I think it's great that Con cor still builds at least some of it's stuff here in the US. I'd love to know which models as I'd prefer US made vs imported.



On topic.....maybe this will help

http://www.con-cor.com/roundhse/riptrack.htm

_Con-Cor dDOES NOT maintain a general repair department for model trains. If you have an older train that requires service / repairs we suggest you contact a local hobby shop or model railroad club and see if they know someone who can do repairs / service for you. We are more than happy to sell them the necessary parts (if available) as outlined below. 

Con-Cor does have a customer satisfaction policy which means that if you have bought one of our products within the last 30 days and find a problem, we will be happy to fix or replace that product for you. All you have to do is call our office at (520) 721-8939 and asked about the problem. If it is sometime that we can fix easily (such as a missing part/ broken coupler etc)..we can mail it to you right away. If it seems to be something more complex you will be given a return authorization number and asked to return it, together with the receipt from whom you purchased it showing the purchase date,to us via insured mail or UPS. (We will not accept returns without a return authorization number.) We also can not be responsible for damage to models that have been returned to us uninsured. 

Then we will be fix or replace the item for you and return it as soon as possible. (Allow at least 3-4 weeks turn around time. Some repairs may take much longer.) 

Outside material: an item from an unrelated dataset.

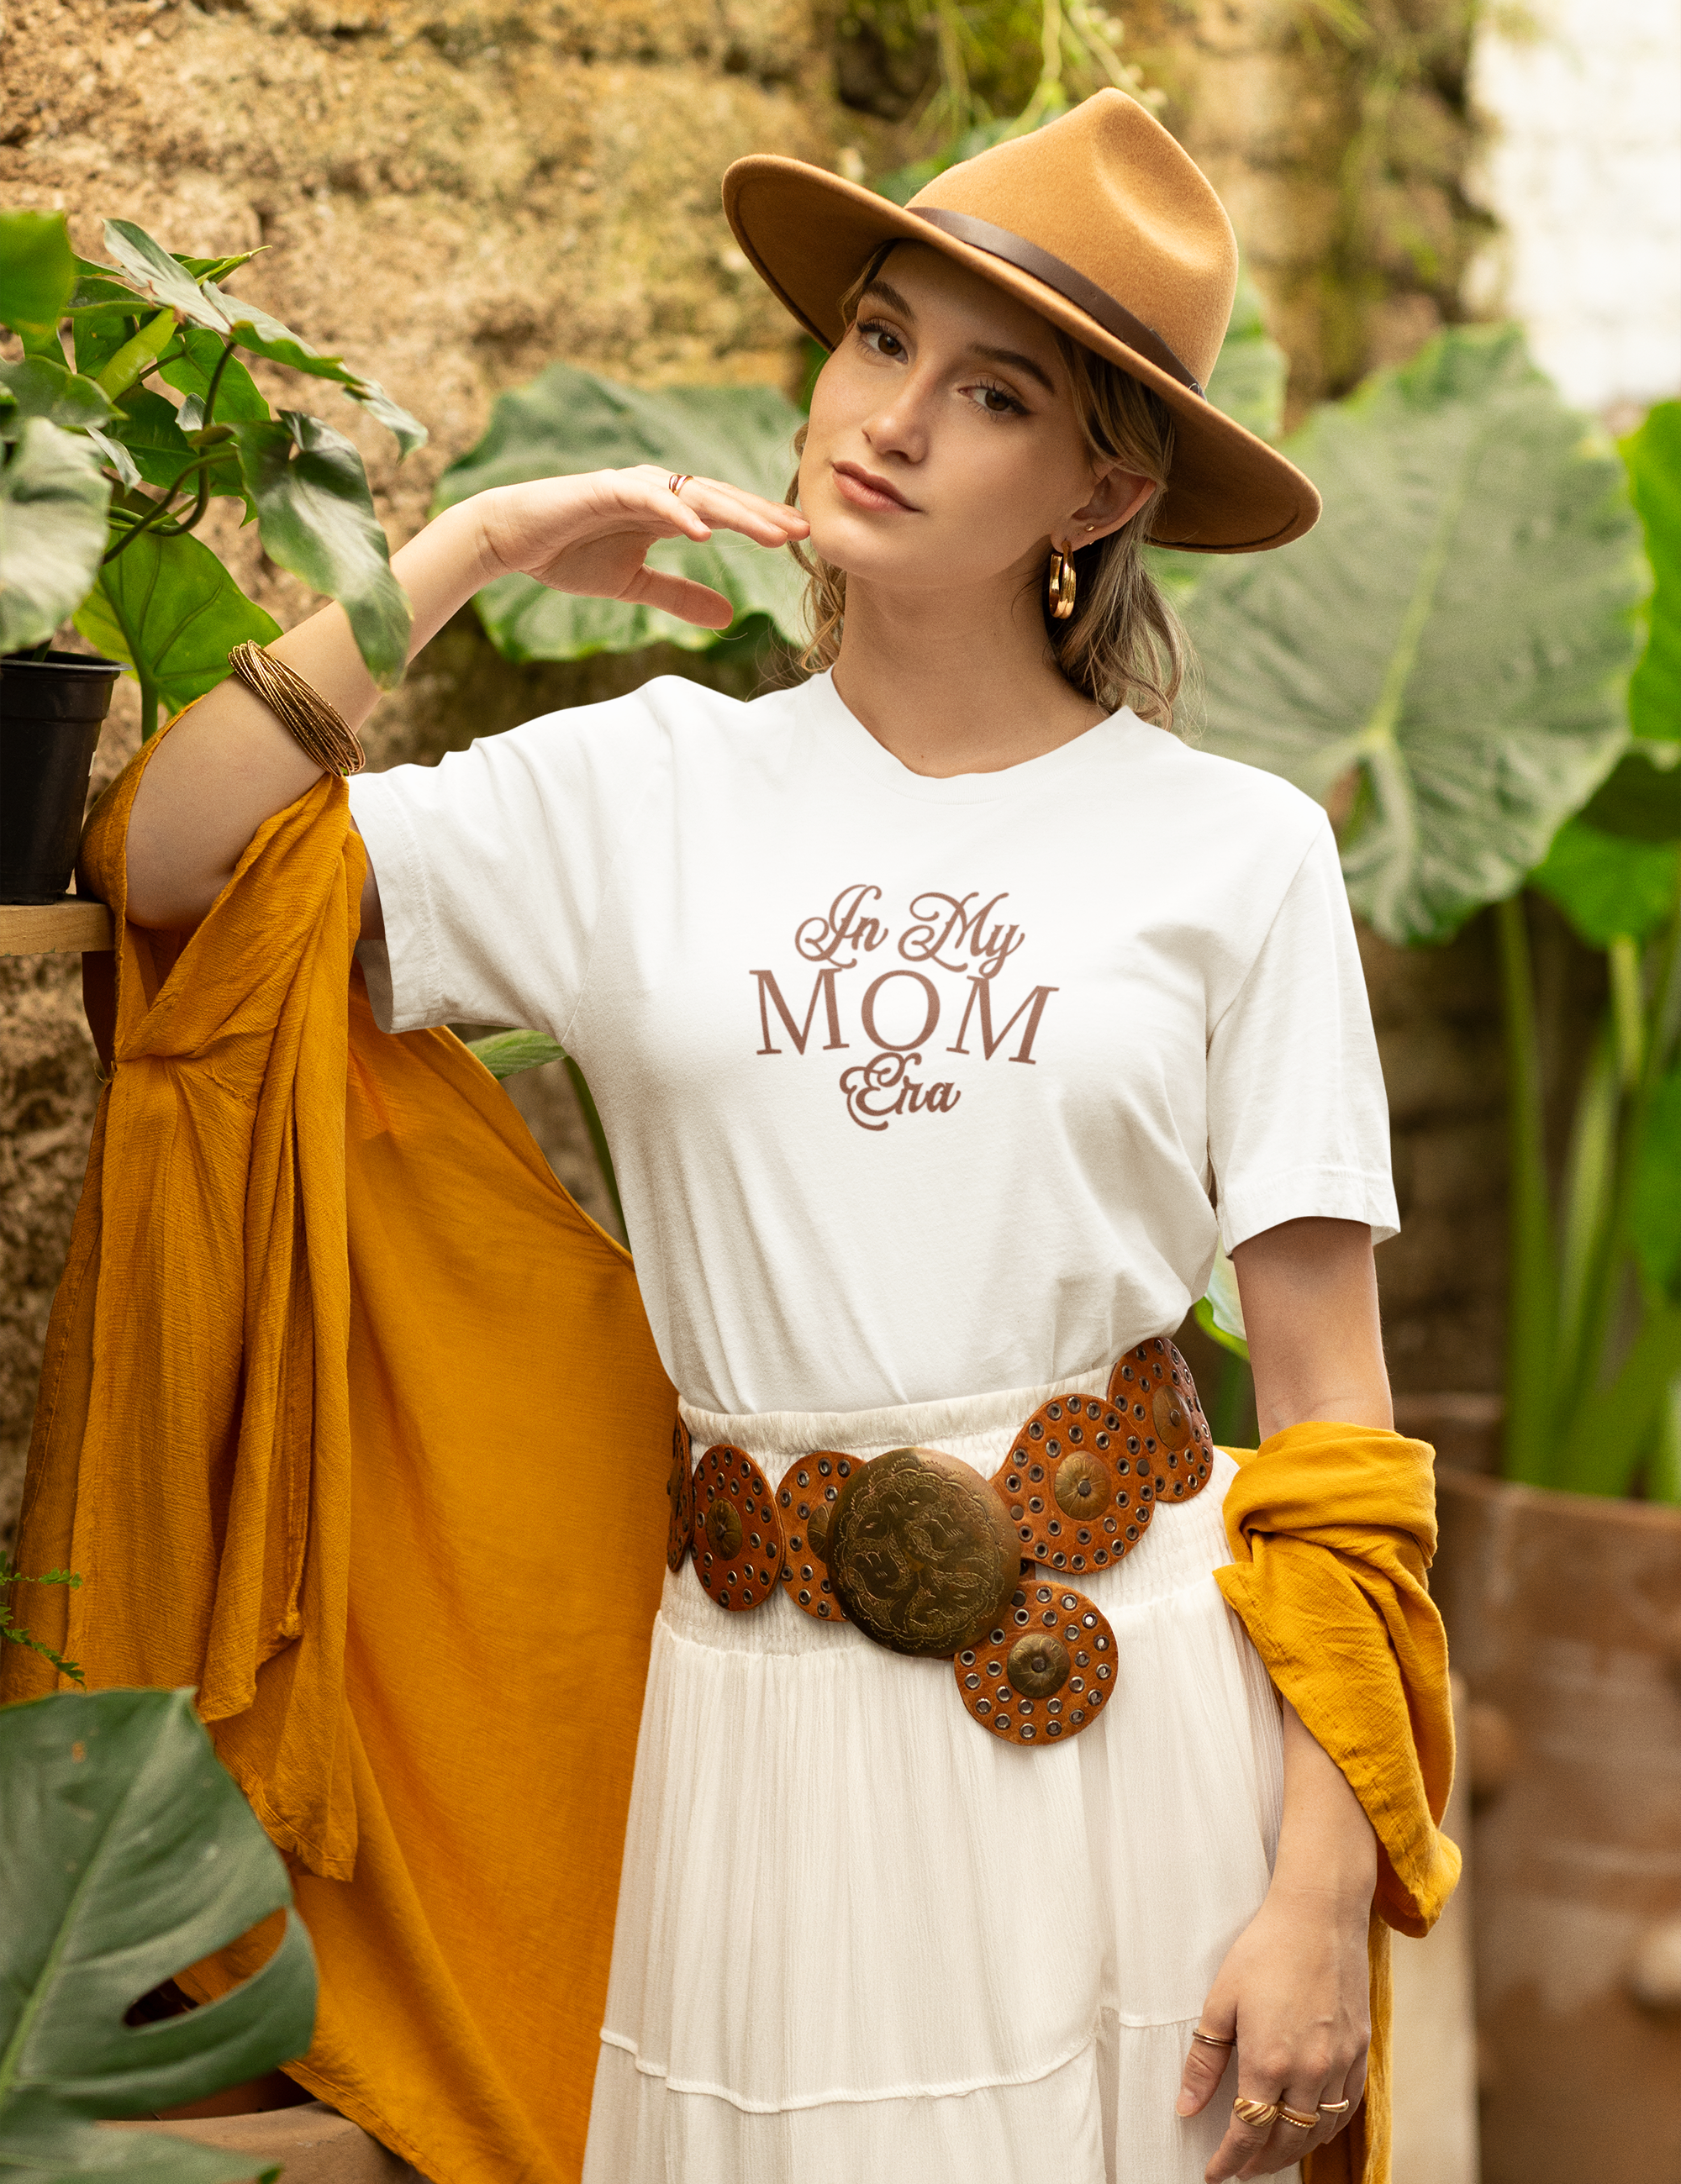 bella-canvas-t-shirt-mockup-of-a-woman-in-a-boho-inspired-outfit-posing-by-some-plants-m36848.png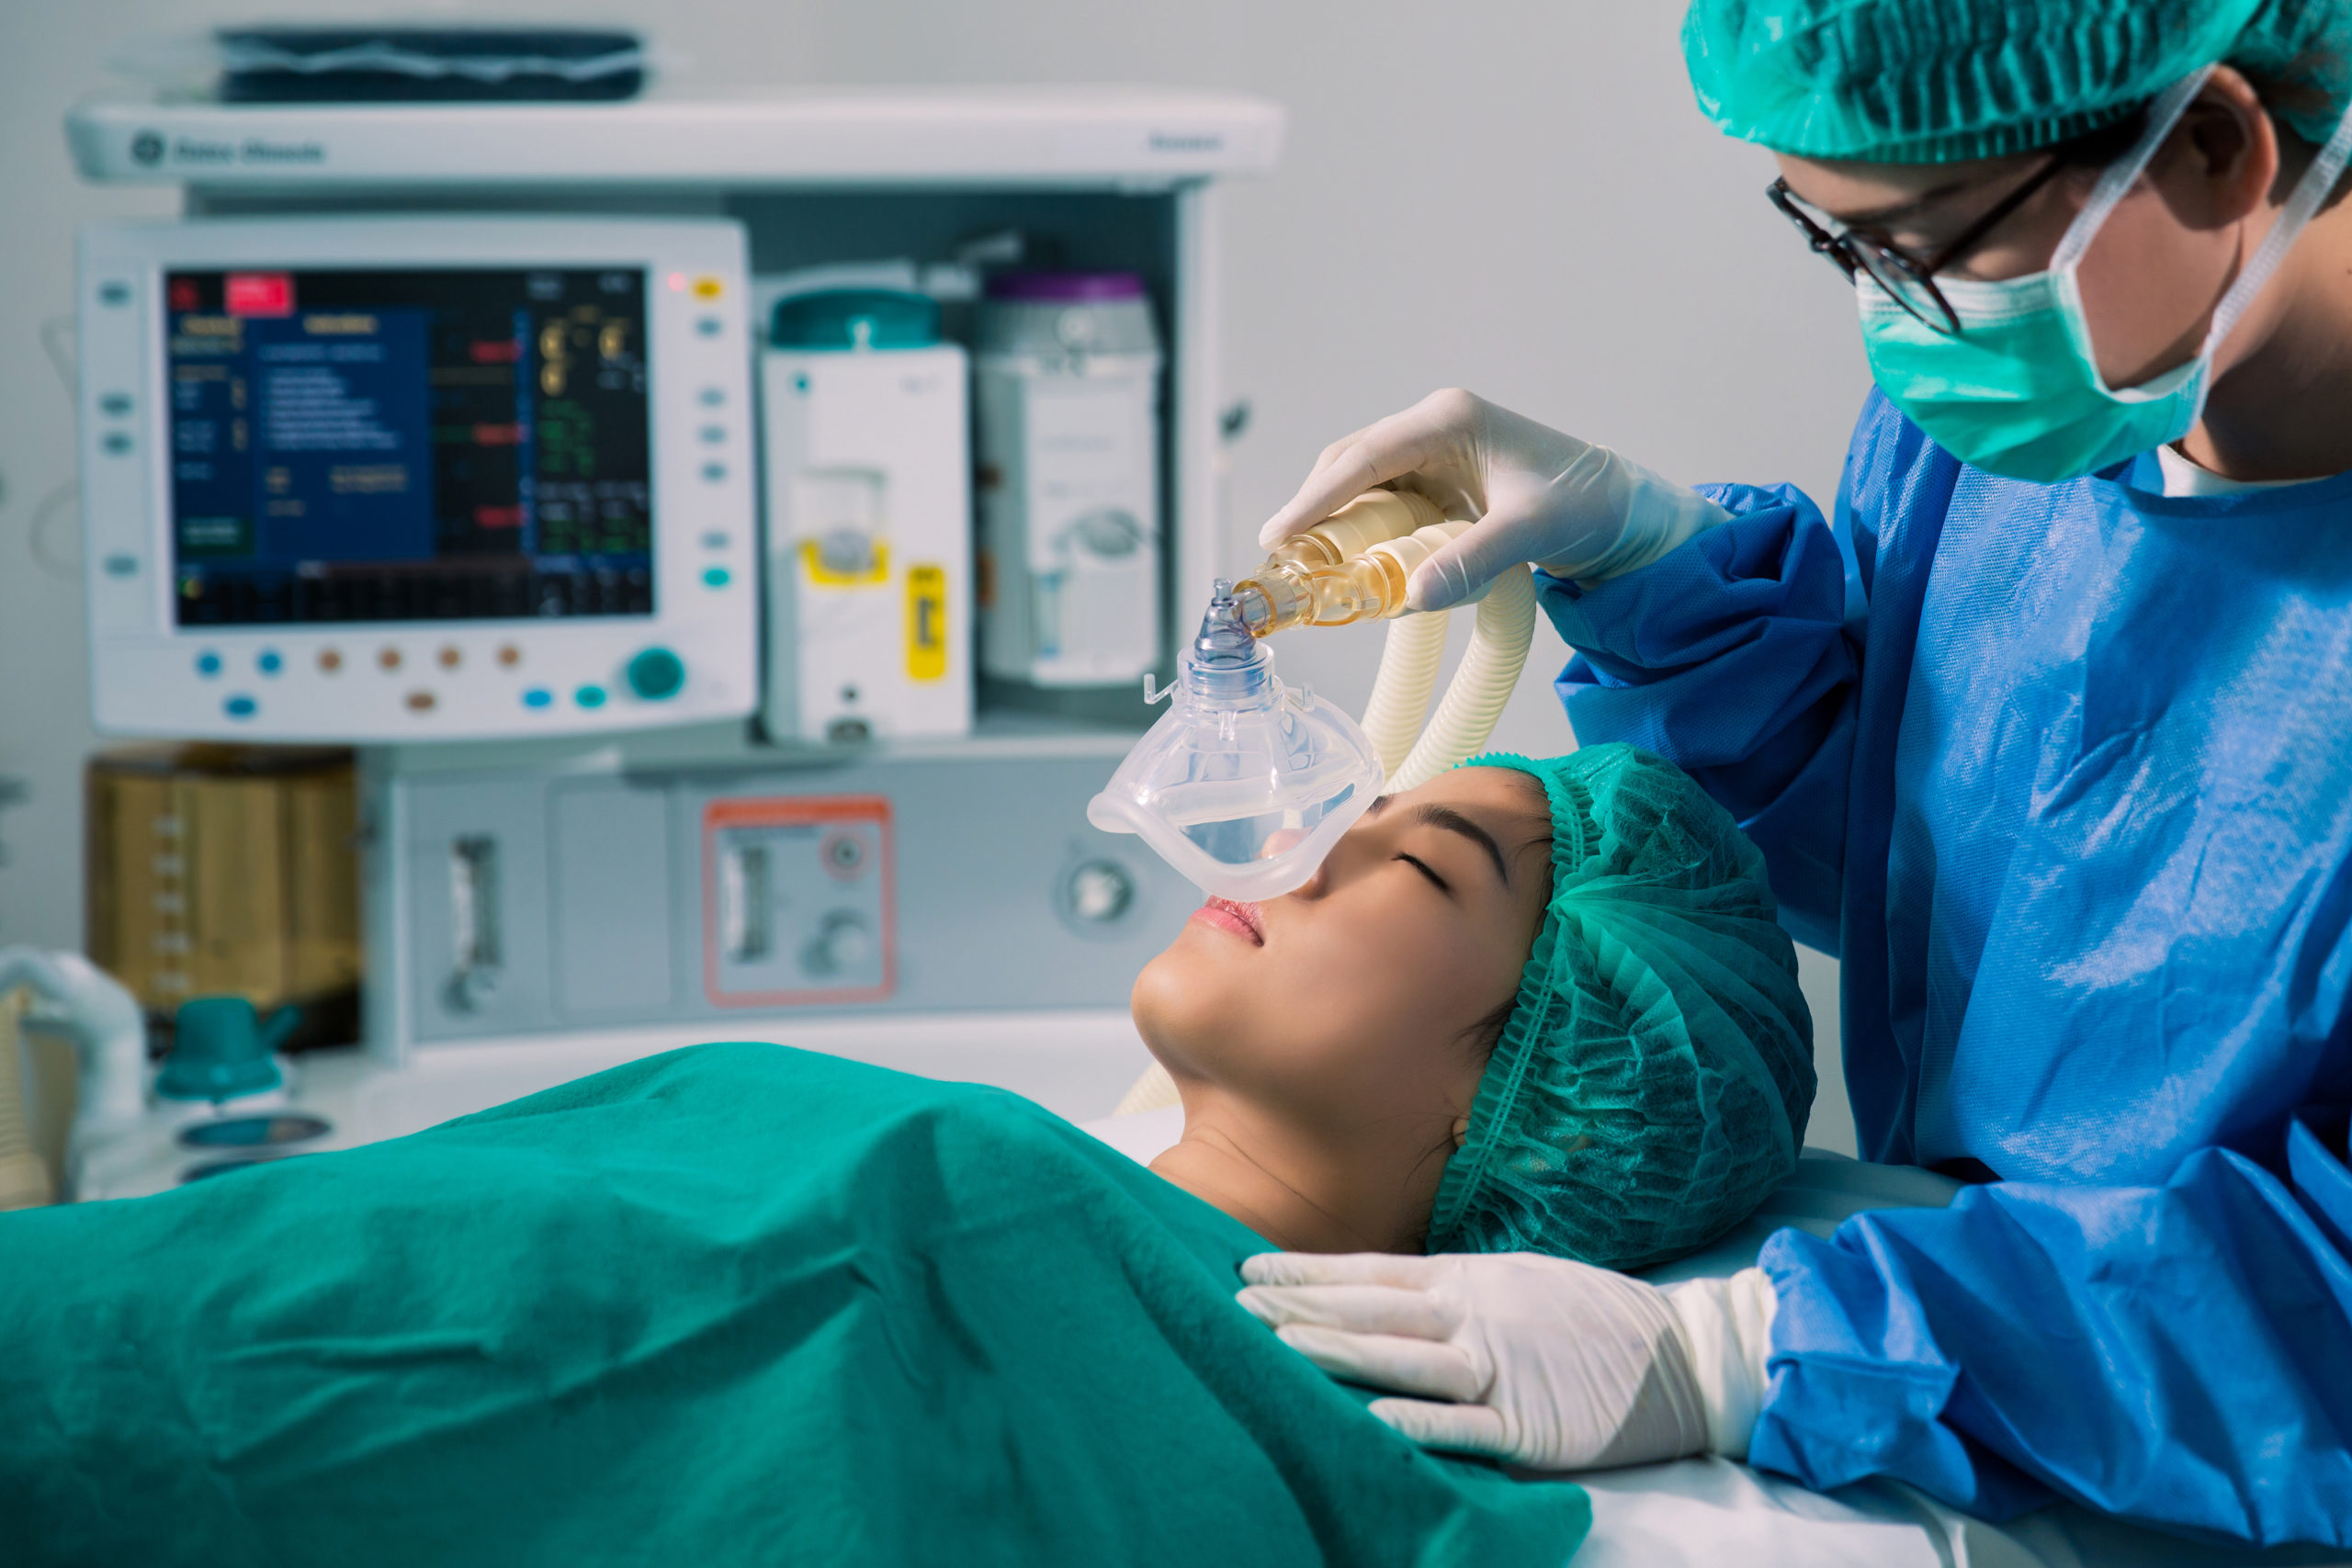 Image of surgeon prepping a patient for surgery in operating room with oxygen mask

The above policy has been a result of our company receiving many "claims" and "returns" for merchandise that was purchased used from a private party, train flea market etc. and the new owner tried to get us to replace or fix the used merchandise....that you for your understanding in this matter. _

Con-Cor International,Ltd.
8101 E. Research Court
Tucson, Arizona 85710 USA
Phone 520-721-8939
Fax 520-721-8940


----------



## Reckers

I just thought I'd help by making a synopsis of the earlier post. You can all thank me later.


----------



## gunrunnerjohn

There are three sides, your side, my side, and the truth.


----------



## mapper65

I'd really like to know what their side of the story is. I've even sent the owner of Con-Cor my cell phone number. We're going on 3 1/2 weeks now and I've never received a reply to any of my emails or phone calls.

I have to believe that these guys are about to go out of business or maybe having financial troubles. I've never run into a company that just doesn't care. I think when you are at the point of not caring about the people that buy your products, it's time to close the door.


----------



## xrunner

Not to (completely) judge a book by it's cover ... but their website is really cheesy and lame. I can and have designed better looking websites for a friends business.

If I saw this and was thinking about ordering from them, I'd think twice, personally. To me it is a reflection of their business, and this reflection isn't pretty.

http://www.con-cor.com/


----------



## mapper65

Here is what their automated response looks like. It's interesting how they are trying to sell you products but they basically don't have time to answer any questions.


We have received your Email regarding: PRR HO Aerotrain Poor Quality.


If you have placed an order for regular merchandise allow about 12-15 working for processing. 


If a General inquiry, it may take 12-15
days to respond, we are a small
company and can not respond to all
incoming Emails immediately, our
priority is shipping orders, and we 
attend to Misc. Email Inquiries on days
we are caught up with the orders.


Pre-Orders will be entered into our
system and you will be notified when
any Pre-Order items arrive to our
warehouse and ready to ship.


This is an automated response as we do not have enough time to reply to each E-mail received individually. 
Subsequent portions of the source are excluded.